Is there any way to write an equation that means the proportion between two intervals?
For example, if I have the intervals [3,4] and [1,5] I would like to know the proportion between them, but I'm not sure if $\dfrac{[3,4]}{[1,5]}$ would mean that. Is there any to calculate the percentage of the coverage of the first interval over the second?
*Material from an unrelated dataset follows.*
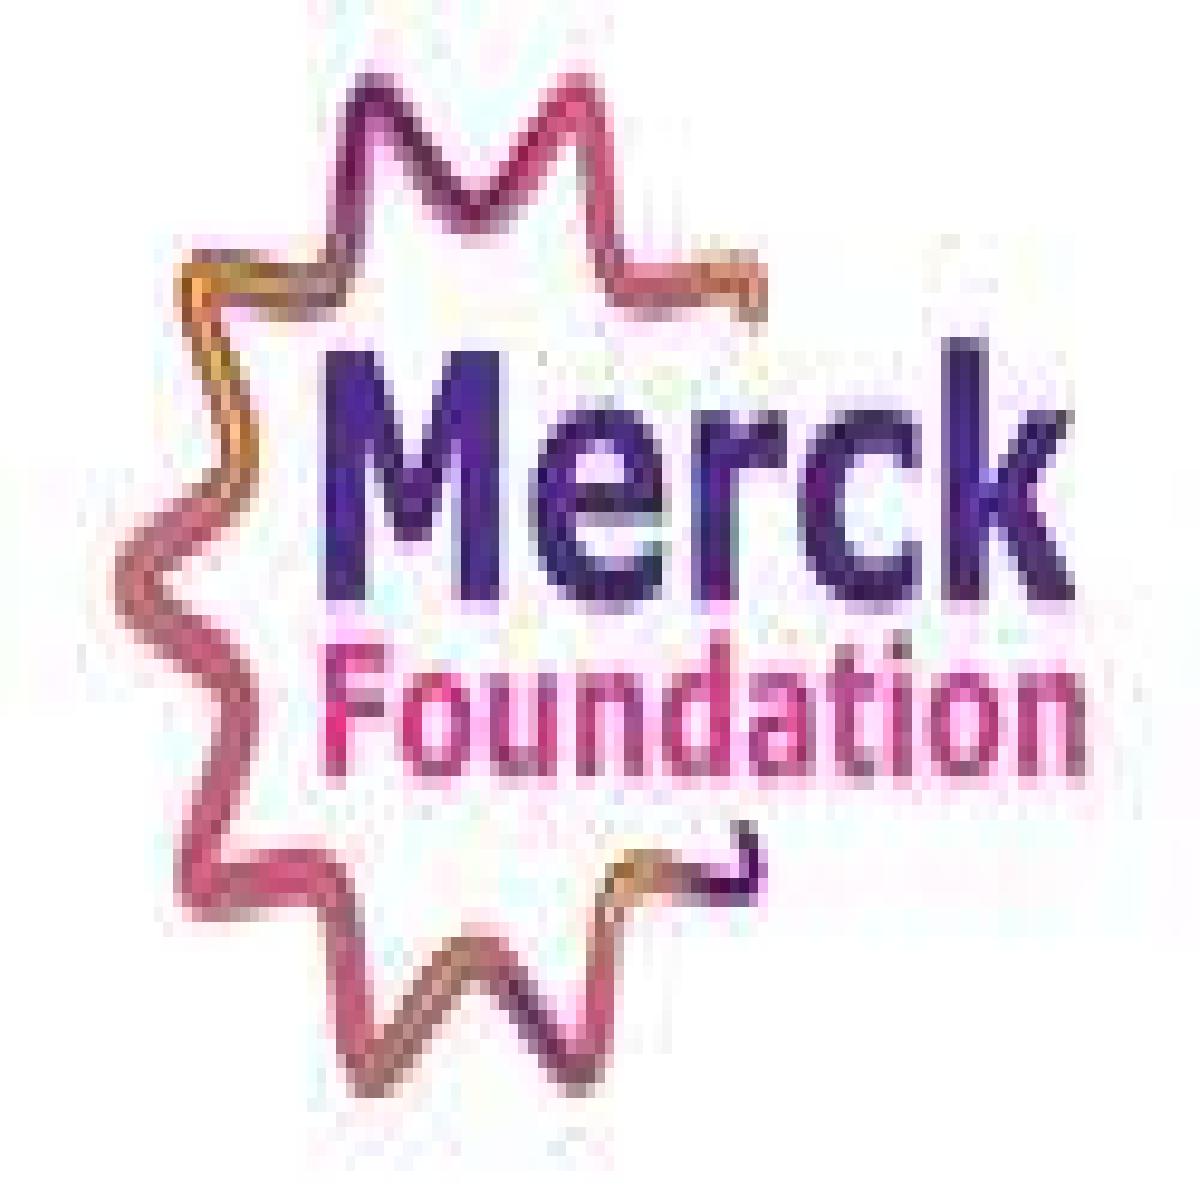 Merck Foundation Together with African First Ladies Mark “World Heart Day 2022” by Providing 720 Scholarships of Preventative Cardiovascular, Diabetes and Endocrinology for Doctors from 45 Countries

Or... is there any notation that means the size of the interval (something analogue to the |Z| that represents the size of a set)?
Thanks!
On
Let $d(x,y)=|x-y|$ be the usual distance on $\mathbb{R}$ (it corresponds to the standard topology). Then what you're seeking is $$\frac{d(3,4)}{d(1,5)}=\frac{|3-4|}{|1-5|}=\frac{1}{4}$$ In the same spirit, we can define the diameter of a real set $A$ $$diam(A)=\{d(x,y);~~x,y\in A\}$$ Then we can write the ratio as $$\frac{diam([3,4])}{diam([1,5])}$$
The size (or length) of the first interval is $4-3=1$, and the length of the second interval is $5-1=4$. Your fraction therefore is 1/4.
In general you can calculate the length using the absolute value function. $|4-3| = |3-4| = 1$.
You have to talk about the length of the intervals, since there are infinitely many real numbers in any interval, so you can't talk about the size of them as if they are sets.
Is that what you mean?